[[ Available data open ]]
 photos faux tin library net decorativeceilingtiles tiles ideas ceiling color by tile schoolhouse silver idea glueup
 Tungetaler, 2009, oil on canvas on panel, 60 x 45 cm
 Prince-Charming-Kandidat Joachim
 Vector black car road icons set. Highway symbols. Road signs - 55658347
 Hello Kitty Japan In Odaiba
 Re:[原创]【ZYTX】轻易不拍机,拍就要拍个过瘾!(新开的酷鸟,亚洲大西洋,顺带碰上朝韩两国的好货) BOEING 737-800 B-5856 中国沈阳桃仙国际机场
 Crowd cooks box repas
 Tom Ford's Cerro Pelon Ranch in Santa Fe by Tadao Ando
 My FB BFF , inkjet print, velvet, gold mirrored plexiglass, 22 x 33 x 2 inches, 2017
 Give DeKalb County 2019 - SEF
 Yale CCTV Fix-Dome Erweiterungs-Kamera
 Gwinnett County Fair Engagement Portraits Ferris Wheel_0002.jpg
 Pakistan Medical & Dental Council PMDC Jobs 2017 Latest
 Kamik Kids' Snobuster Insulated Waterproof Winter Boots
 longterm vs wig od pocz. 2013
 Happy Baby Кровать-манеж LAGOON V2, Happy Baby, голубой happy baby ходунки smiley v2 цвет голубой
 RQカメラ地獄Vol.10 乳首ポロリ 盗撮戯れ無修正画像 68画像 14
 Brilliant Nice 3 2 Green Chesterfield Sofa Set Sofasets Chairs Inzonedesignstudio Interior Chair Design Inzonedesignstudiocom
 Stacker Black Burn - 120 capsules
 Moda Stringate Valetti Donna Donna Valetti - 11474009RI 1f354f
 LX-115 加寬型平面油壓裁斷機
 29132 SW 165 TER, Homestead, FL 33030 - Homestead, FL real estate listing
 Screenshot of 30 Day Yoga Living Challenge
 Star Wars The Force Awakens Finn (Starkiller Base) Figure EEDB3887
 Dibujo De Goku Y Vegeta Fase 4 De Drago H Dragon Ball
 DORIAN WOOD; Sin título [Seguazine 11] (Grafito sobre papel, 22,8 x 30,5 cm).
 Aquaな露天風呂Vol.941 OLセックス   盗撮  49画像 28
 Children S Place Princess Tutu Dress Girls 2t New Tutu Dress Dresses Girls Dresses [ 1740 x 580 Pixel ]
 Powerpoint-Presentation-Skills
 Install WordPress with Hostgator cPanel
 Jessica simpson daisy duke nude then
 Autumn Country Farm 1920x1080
[[ Available data closed ]]
● Your goal: Starting from the top of the records and ending at the line that contains "Crowd cooks box repas", repeat each line exactly and return only those lines.

● Answer for this exercise:
 photos faux tin library net decorativeceilingtiles tiles ideas ceiling color by tile schoolhouse silver idea glueup
 Tungetaler, 2009, oil on canvas on panel, 60 x 45 cm
 Prince-Charming-Kandidat Joachim
 Vector black car road icons set. Highway symbols. Road signs - 55658347
 Hello Kitty Japan In Odaiba
 Re:[原创]【ZYTX】轻易不拍机,拍就要拍个过瘾!(新开的酷鸟,亚洲大西洋,顺带碰上朝韩两国的好货) BOEING 737-800 B-5856 中国沈阳桃仙国际机场
 Crowd cooks box repas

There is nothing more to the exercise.